For now (and if you're looking for an easy-to use smooth play experience), blissify implements bliss for MPD.

There are also python bindings.

Note 1: the features bliss-rs outputs is not compatible with the ones used by C-bliss, since it uses different, more accurate values, based on actual literature. It is also faster.

Examples

For simple analysis / distance computing, take a look at examples/distance.rs and examples/analyze.rs.

If you simply want to try out making playlists from a folder containing songs, this example contains all you need. Usage:

    cargo run --features=serde --release --example=playlist /path/to/folder /path/to/first/song

Don't forget the --release flag!

By default, it outputs the playlist to stdout, but you can use -o <path> to output it to a specific path.
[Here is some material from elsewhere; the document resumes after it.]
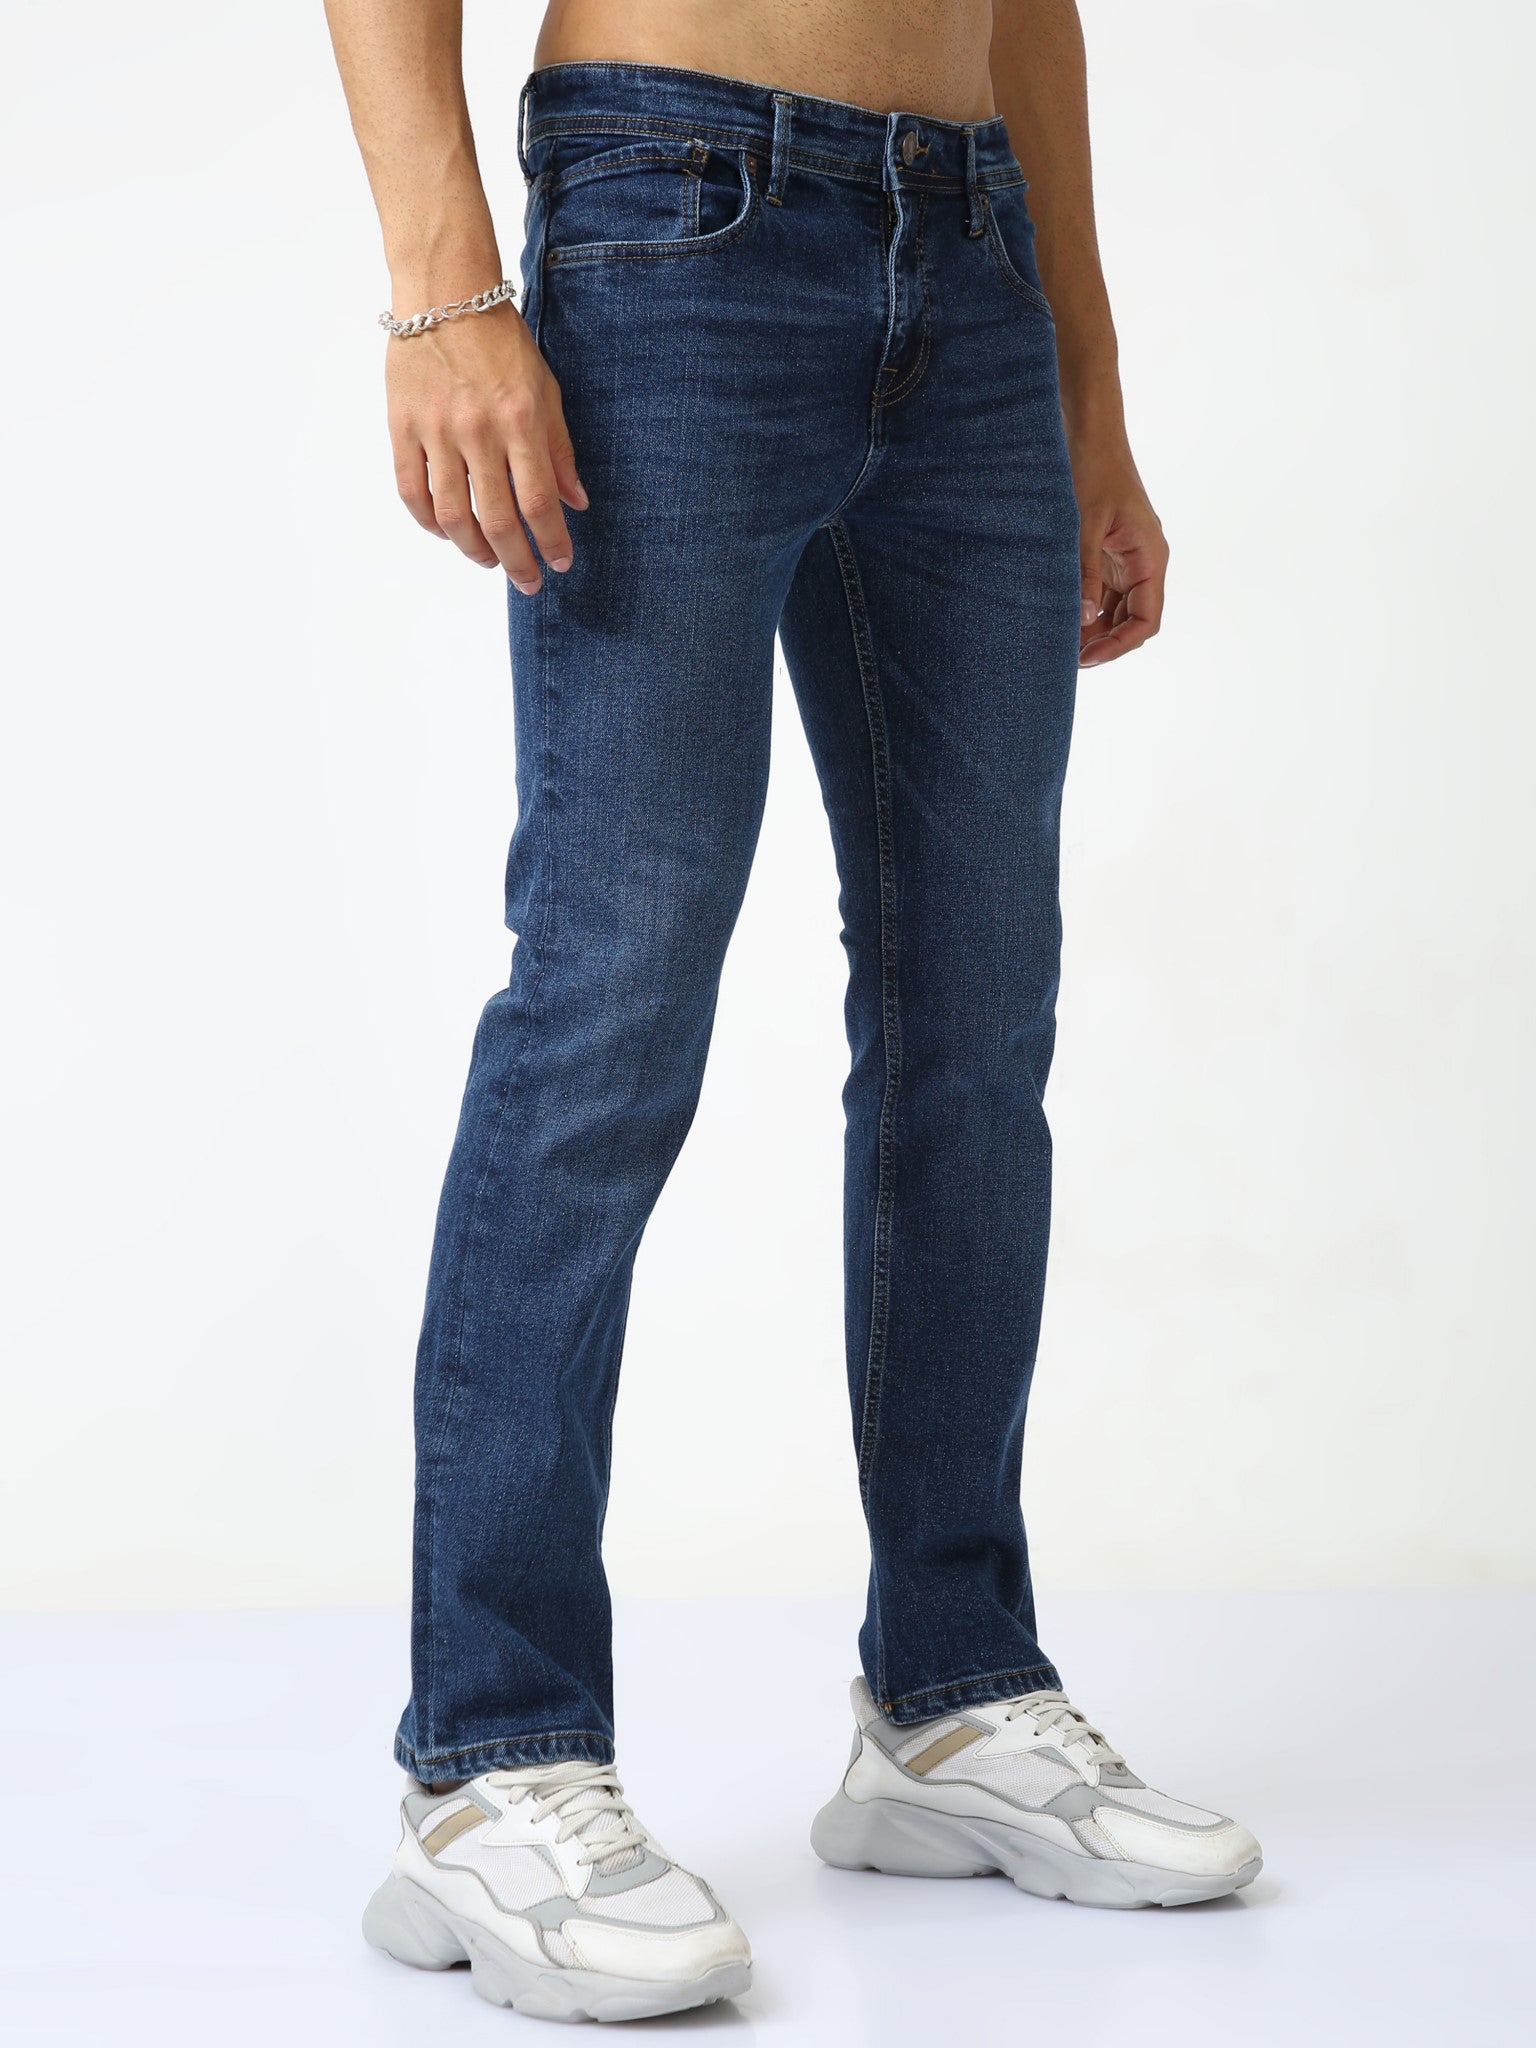 Xander Light Dark Blue Loose Jeans for Men

To avoid having to analyze the entire folder several times, it also stores the analysis in /tmp/analysis.json. You can customize this behavior by using -a <path> to store this file in a specific place.
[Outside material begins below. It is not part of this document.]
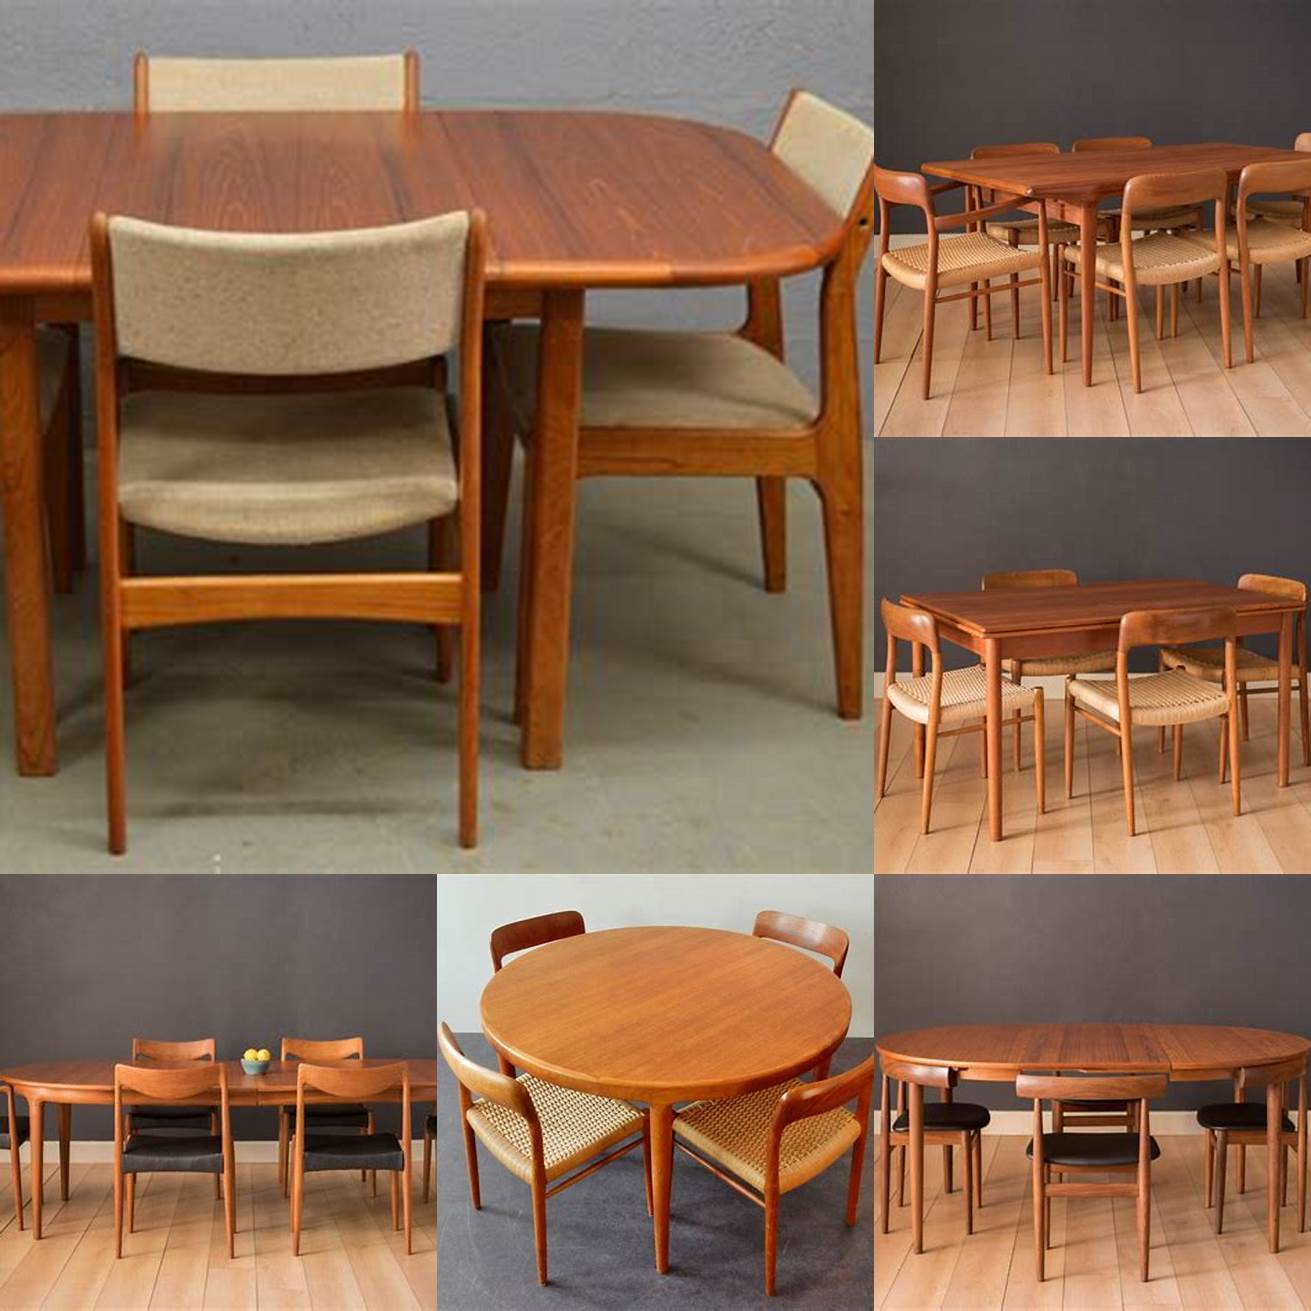 A Classic Danish Design Teak Dining Table

Ready to use code examples:

Compute the distance between two songs

use bliss_audio::{BlissError, Song};

fn main() -> Result<(), BlissError> {
    let song1 = Song::from_path("/path/to/song1")?;
    let song2 = Song::from_path("/path/to/song2")?;
        
    println!("Distance between song1 and song2 is {}", song1.distance(&song2));
    Ok(())
}

Make a playlist from a song

use bliss_audio::{BlissError, Song};
use noisy_float::prelude::n32;

fn main() -> Result<(), BlissError> {
    let paths = vec!["/path/to/song1", "/path/to/song2", "/path/to/song3"];
    let mut songs: Vec<Song> = paths
        .iter()
        .map(|path| Song::from_path(path))
        .collect::<Result<Vec<Song>, BlissError>>()?;

    // Assuming there is a first song
    let first_song = songs.first().unwrap().to_owned();

    songs.sort_by_cached_key(|song| n32(first_song.distance(&song)));
    println!(
        "Playlist is: {:?}",
        songs
            .iter()
            .map(|song| &song.path)
            .collect::<Vec<&String>>()
    );
    Ok(())
}

Further use

Instead of reinventing ways to fetch a user library, play songs, etc, and embed that into bliss, it is easier to look at the library module. It implements common analysis functions, and allows analyzed songs to be put in a sqlite database seamlessly.
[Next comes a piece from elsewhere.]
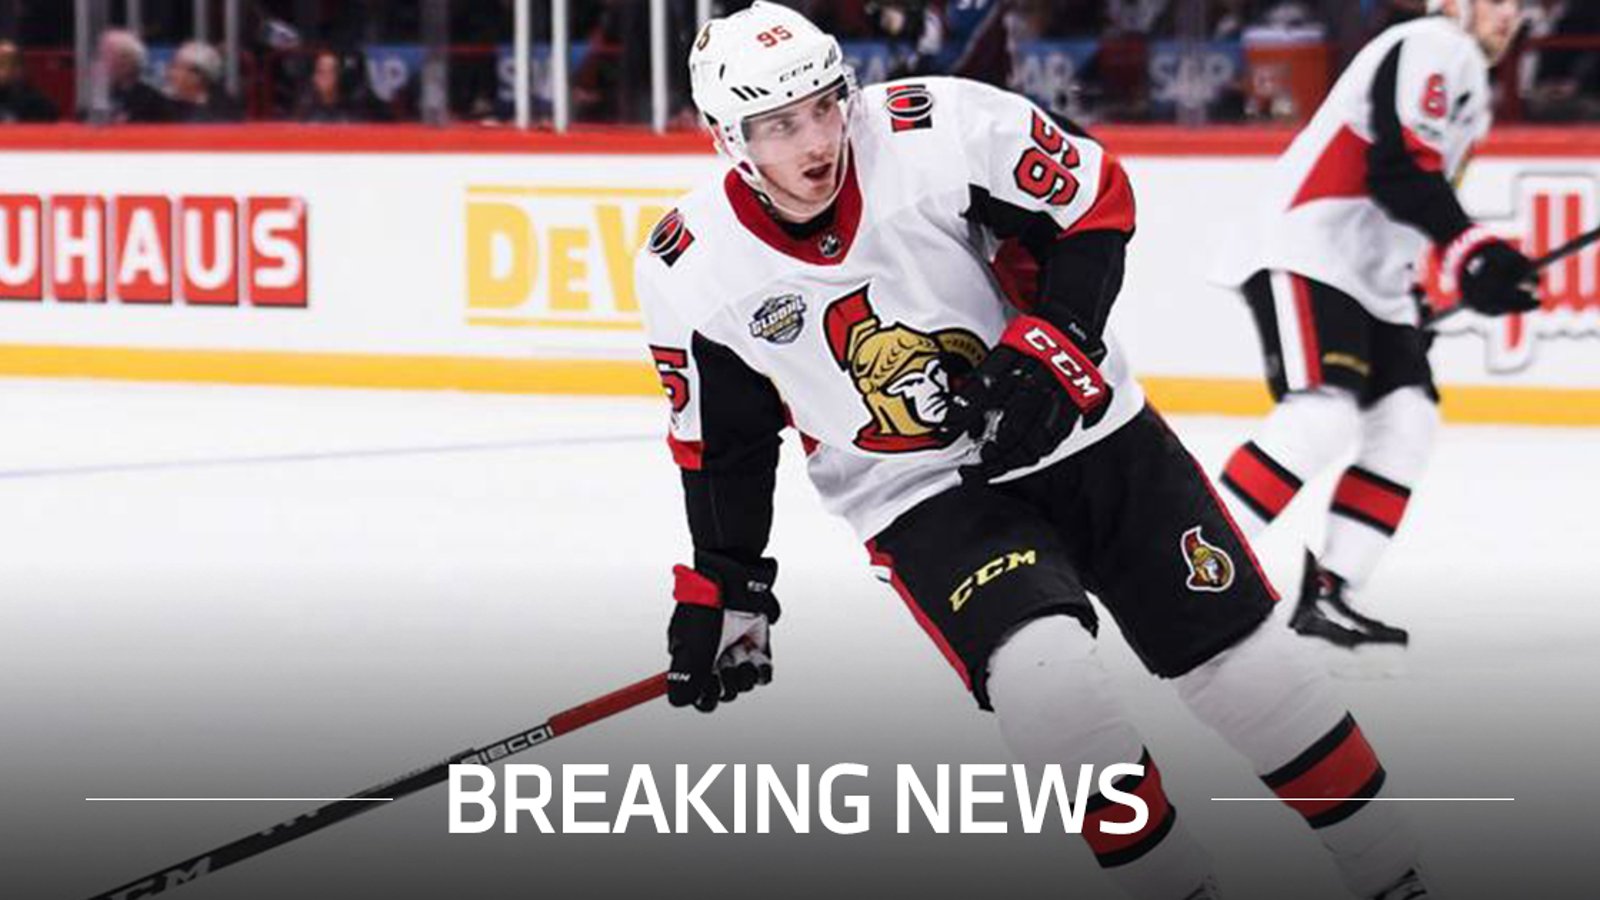 Breaking: Matt Duchene finally scored a goal with the Senators!

See blissify for a reference implementation.

Cross-compilation

To cross-compile bliss-rs from linux to x86_64 windows, install the x86_64-pc-windows-gnu target via:

    rustup target add x86_64-pc-windows-gnu

Make sure you have x86_64-w64-mingw32-gcc installed on your computer.

Then after downloading and extracting ffmpeg's prebuilt binaries, running:

    FFMPEG_DIR=/path/to/prebuilt/ffmpeg cargo build --target x86_64-pc-windows-gnu --release

Will produce a .rlib library file. If you want to generate a shared .dll library, add:

    [lib]
    crate-type = ["cdylib"]

to Cargo.toml before compiling, and if you want to generate a .lib static library, add:

    [lib]
    crate-type = ["staticlib"]

You can of course test the examples yourself by compiling them as .exe:

    FFMPEG_DIR=/path/to/prebuilt/ffmpeg cargo build --target x86_64-pc-windows-gnu --release --examples

WARNING: Doing all of the above and making it work on windows requires to have ffmpeg's dll on your Windows %PATH% (avcodec-59.dll, etc). Usually installing ffmpeg on the target windows is enough, but you can also just extract them from /path/to/prebuilt/ffmpeg/bin and put them next to the thing you generated from cargo (either bliss' dll or executable).

Acknowledgements

  • This library relies heavily on aubio's Rust bindings for the spectral / timbral analysis, so a big thanks to both the creators and contributors of librosa, and to @katyo for making aubio bindings for Rust.
  • The first part of the chroma extraction is basically a rewrite of librosa's chroma feature extraction from python to Rust, with just as little features as needed. Thanks to both creators and contributors as well.
  • Finally, a big thanks to Christof Weiss for pointing me in the right direction for the chroma feature summarization, which are basically also a rewrite from Python to Rust of some of the awesome notebooks by AudioLabs Erlangen, that you can find here.